2020 MLA Conference in Seattle

2020 MLA Conference in Seattle

Call for Papers: Southeast Asia and Australia: Literary and Cultural Connections: 2020 MLA conference in Seattle

This call is for a proposed collaborative session between the Southeast Asia/Southeast Asia Diasporic Forum of the Modern Language Association (MLA) and the American Association for Australasian Literary Studies (AAALS) at the January 2020 MLA conference in Seattle. Given the geographical proximity and intertwined histories of several Southeast Asian countries and Australia, we envision a session that explores existing and emerging literary and cultural connections between them across a range of writing, media, and languages.

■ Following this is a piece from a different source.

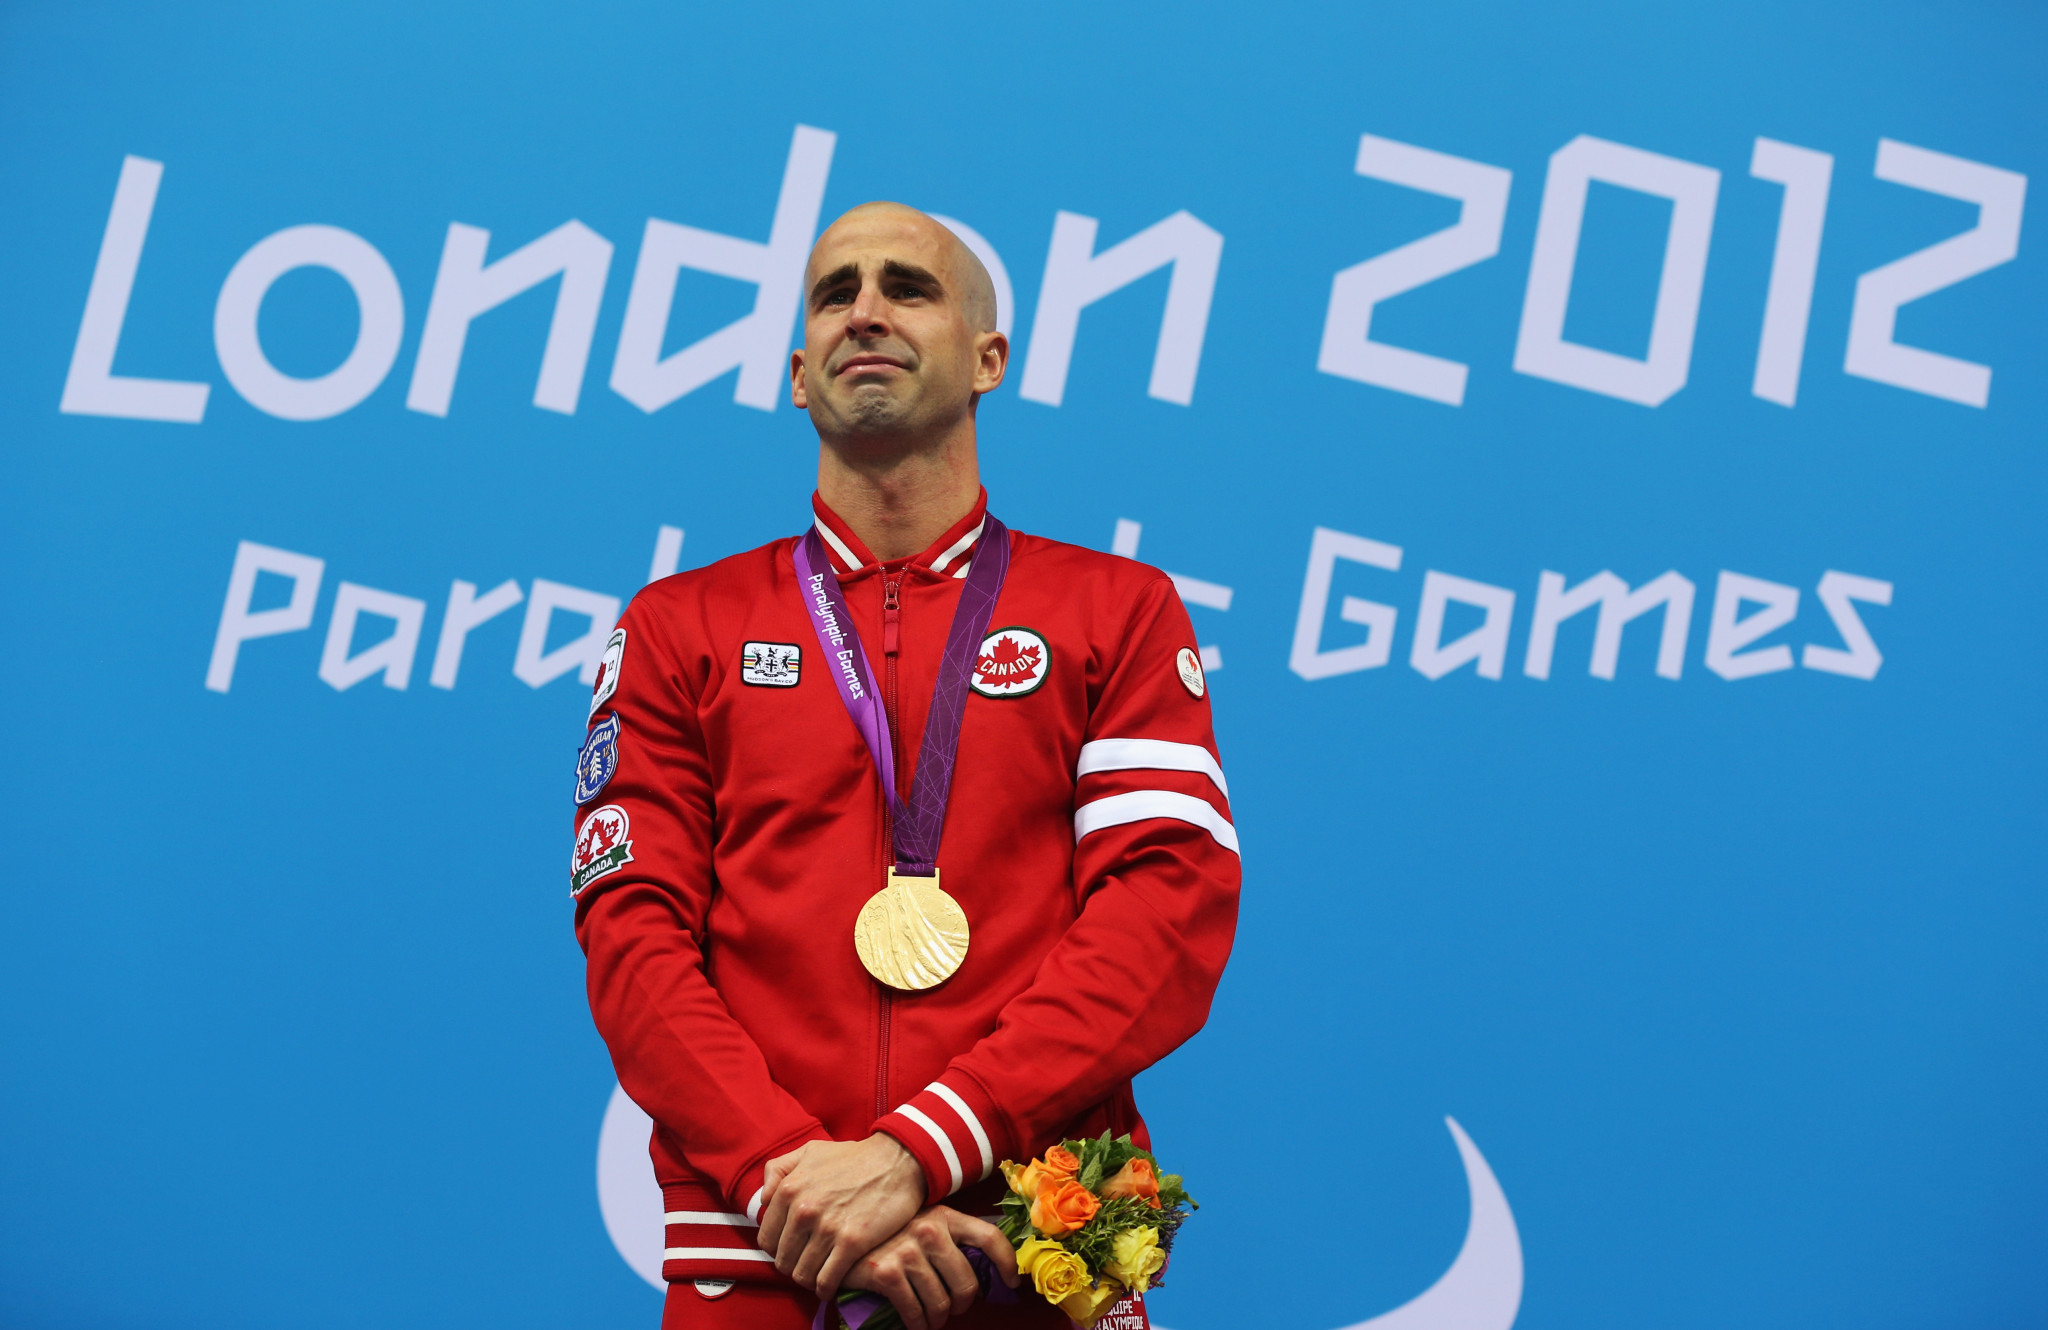 Canada's Benoit Huot won a gold medal at the London 2012 Paralympic Games, as well as three at Sydney 2000 and five at Athens 2004 during a career which also set him set 60 world records ©Getty Images

Although there are numerous monographs and essay anthologies in the social sciences on the ties between Southeast Asia and Australia (and the wider region of Oceania), with one exception there has not been a recent substantive study of literary and cultural productions that arise because of such connections. In Tseen Khoo’s Banana-Bending: Asian-Australian and Asian-Canadian Literatures (2003), Alice Pung’s edited anthology Growing Up Asian in Australia (2008), Amerasia journal’s 2010 special issue comparing Asian Australia and Asian America, and more recently the Journal of Postcolonial Writing’s 2016 special issue on Asian Australian writing, most of the works discussed are by authors of East Asian and South Asian descent, although there is some attention given to writing by a few authors of Southeast Asian ancestry.

We take our lead for this collaborative session from José Wendell Capili’s recent literary history, Migrations and Mediation (2016), which traces the emergence and growth of Southeast Asian diasporic writing in Australia from the 1970s to the present day. Thus, we welcome papers on authors such as Hsu-ming Teo, Lau Siew Mei, Simone Lazaroo, Julie Koh, Dewi Anggraeni, Nam Le, Hoa Pham, Merlinda Bobis, Arlene Chai, and others. We also invite papers that focus on exchanges and collaborations between Southeast Asian and Indigenous authors and artists. Topics of interest include (but are not limited to): colonialism and race/multiculturalism, nationalism and national culture, migration and diaspora, critical refugee studies, transnationalism and globalization.

Please send 250-word abstracts and 100-word speaker bios, as well as any questions, to Weihsin Gui ([email protected]) and Brenda Machosky ([email protected]) by 15 March, 2019. Please note that speakers whose papers are accepted for this session will need to become members of the Modern Language Association by 7 April, 2019 in order to participate in the conference itself.